The KBY-AI ID Document Reader SDK is a particularly robust option for ID verification. It is powered by the world’s largest template database, covering over 15,000 document types across 254 countries and territories. With this extensive coverage, businesses can rely on a single solution to handle a truly global customer base.
Key capabilities include:
-
Authentication of thousands of global ID documents with advanced accuracy.
-
Reading machine-readable zones (MRZs) and a wide range of barcodes.
-
RFID chip reading and authentication in line with ICAO Doc 9303 standards.
-
Verification of digital signatures embedded in barcodes, including Visible Digital Seals (VDS) defined by ICAO.
-
Document liveness checks by analyzing dynamic security features such as holograms and optically variable ink (OVI).
-
And much more.
Complementing this, the KBY-AI Face SDK provides instant and secure biometric ID verification with advanced liveness detection. It supports both passive and active methods, ensuring resilience against fraudulent presentation attacks, including the use of static images, printed photographs, video replays, video injection attempts, or even sophisticated masks.
Together, these solutions empower organizations to stay ahead of evolving compliance demands while delivering a smooth, secure, and trustworthy verification experience to end users worldwide.
Frequently Asked Questions (FAQ)
1. What is ID verification?
ID verification is the process of confirming that an individual’s identity document (such as a passport, driver’s license, or national ID card) is authentic and that the person presenting it is the rightful owner.
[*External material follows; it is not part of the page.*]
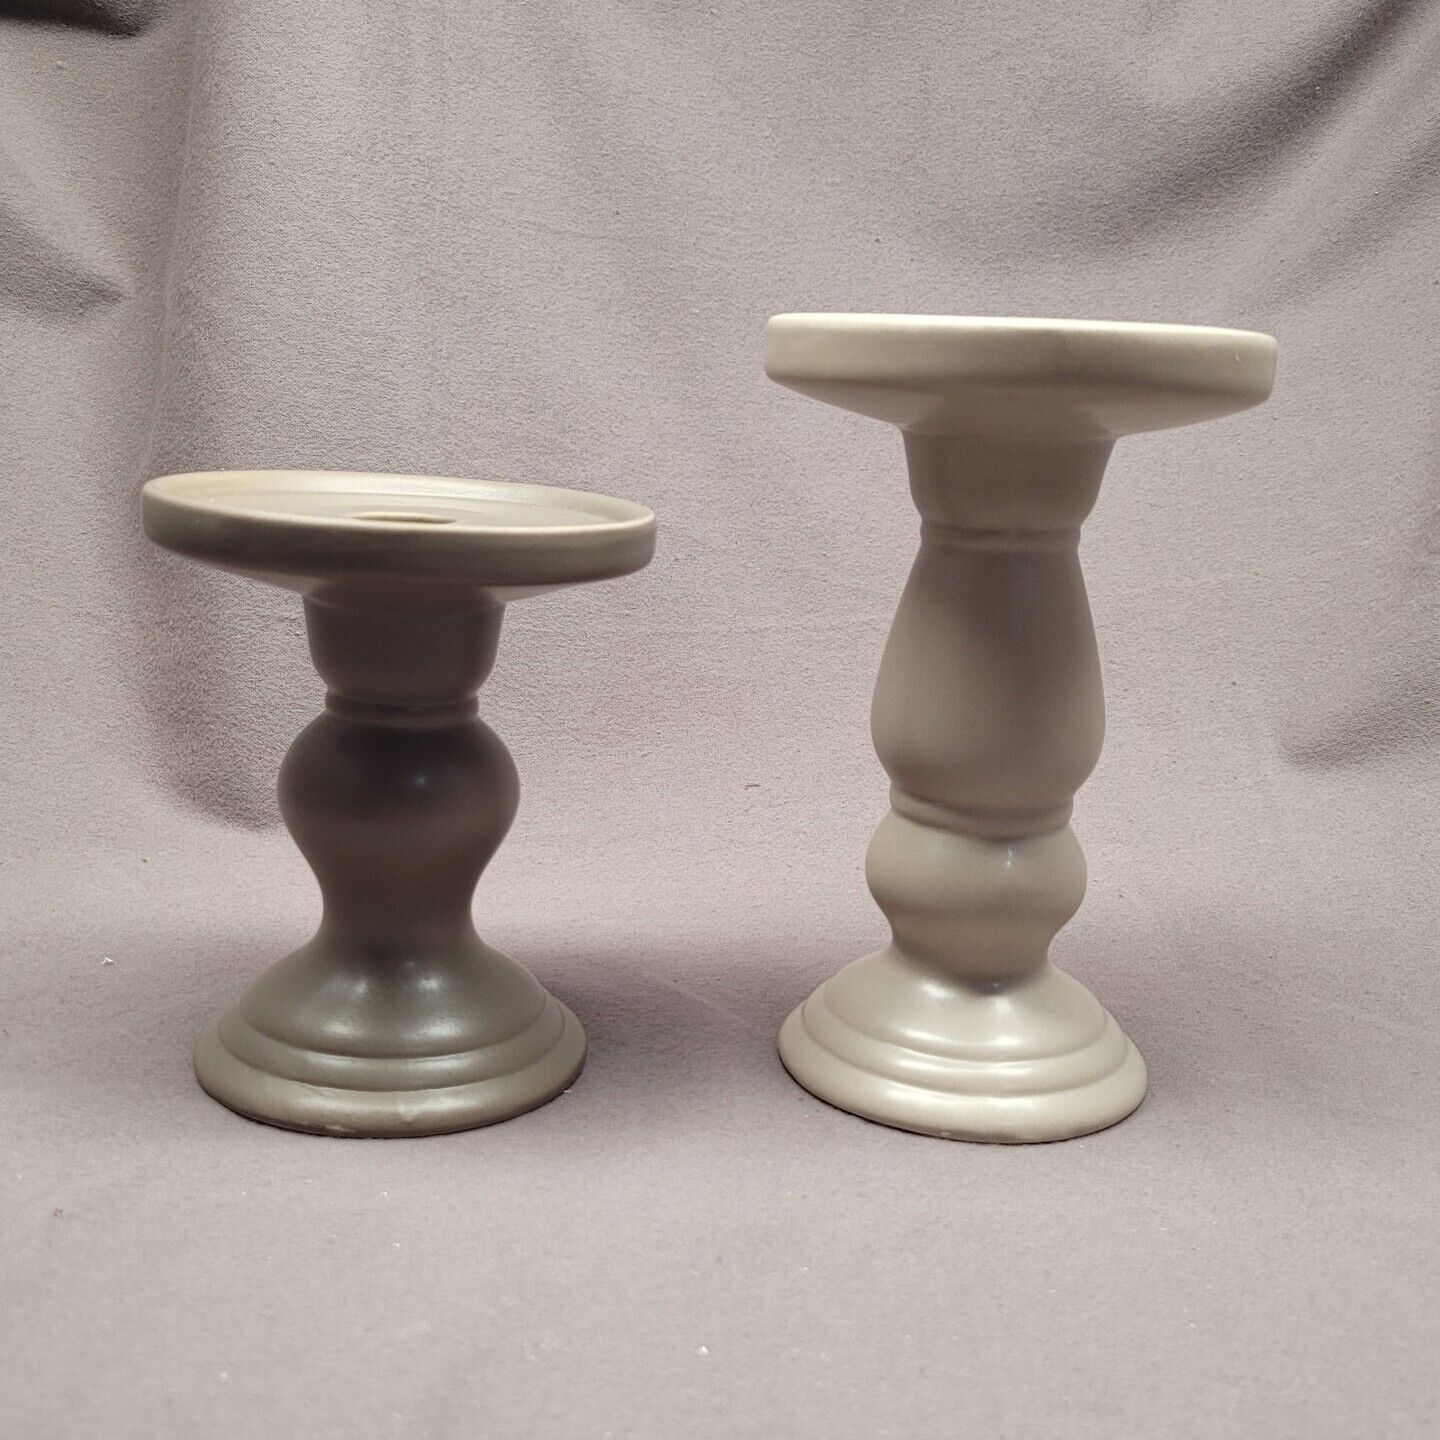 2 In 1 Ceramic Candle Or Candlestick Holders Set Of 2 Neutral Avon Winter soft

2. Why is ID verification important?
ID verification helps organizations prevent fraud, meet regulatory requirements (such as KYC and AML), and build trust by ensuring that users are who they claim to be.
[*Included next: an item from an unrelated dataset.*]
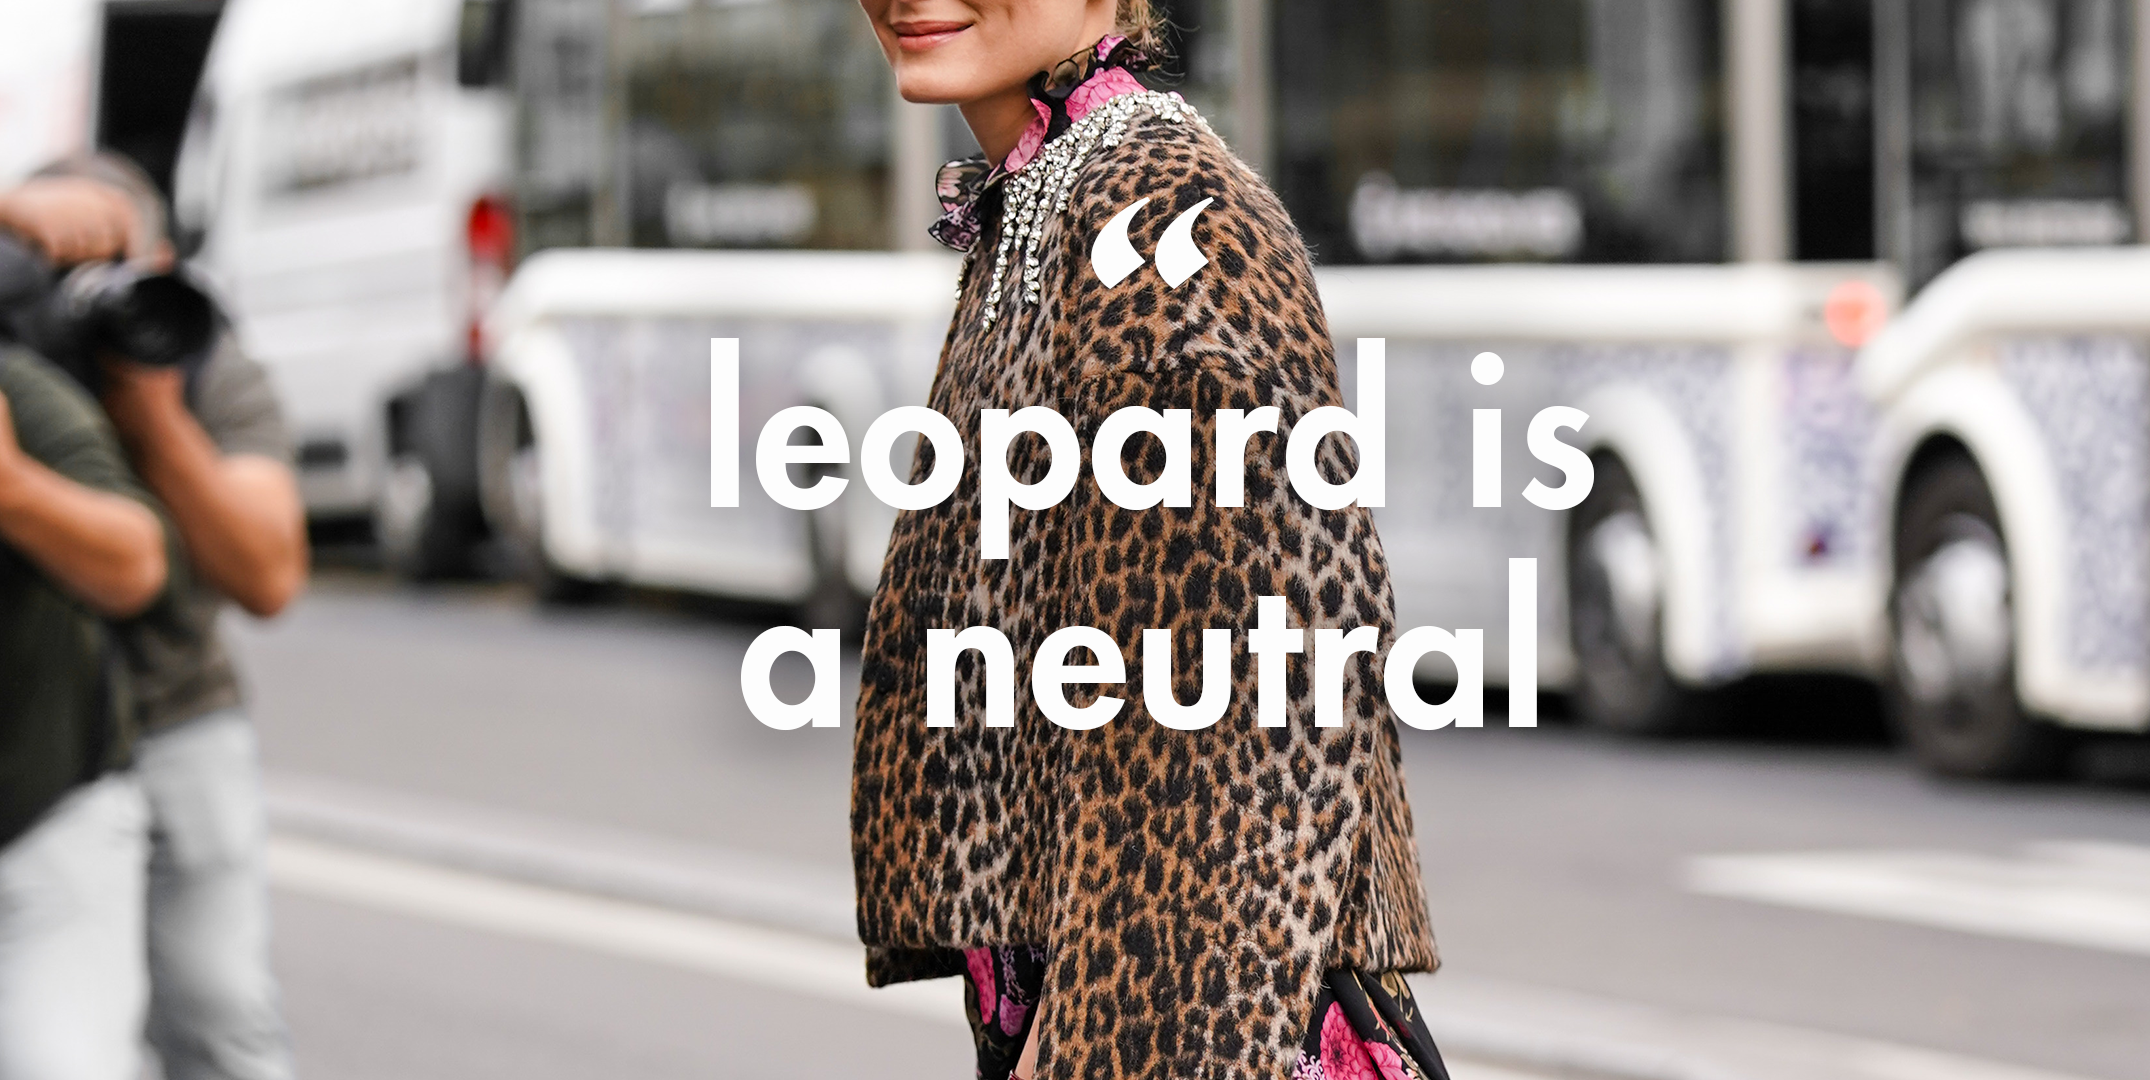 The Ideal Wardrobe, According to Coco Chanel  Chanel fashion, Coco chanel  quotes, Fashion quotes

3. What types of documents can be verified?
Most modern ID verification systems can authenticate passports, driver’s licenses, national ID cards, residence permits, and other government-issued documents from around the world.
4. How does digital ID verification work?
Typically, the ID verification system scans and analyzes security features of the ID document (like MRZs, barcodes, holograms, and chips), checks for forgery or tampering, and may use facial recognition with liveness detection to confirm the document matches the user.
5. Is digital ID verification secure and compliant with regulations?
Yes. Leading ID verification solutions are designed to comply with international standards (such as ICAO Doc 9303, GDPR, and AML regulations) and use encryption and advanced fraud detection to protect user data and maintain regulatory compliance.
Conclusion
ID verification is no longer just a security measure—it has become a critical part of building trust, meeting regulatory requirements, and protecting both businesses and users from fraud. By combining advanced document authentication, biometric checks, and compliance with international standards, modern ID verification solutions ensure that organizations can confidently onboard customers, safeguard sensitive data, and operate smoothly in an increasingly digital and regulated world.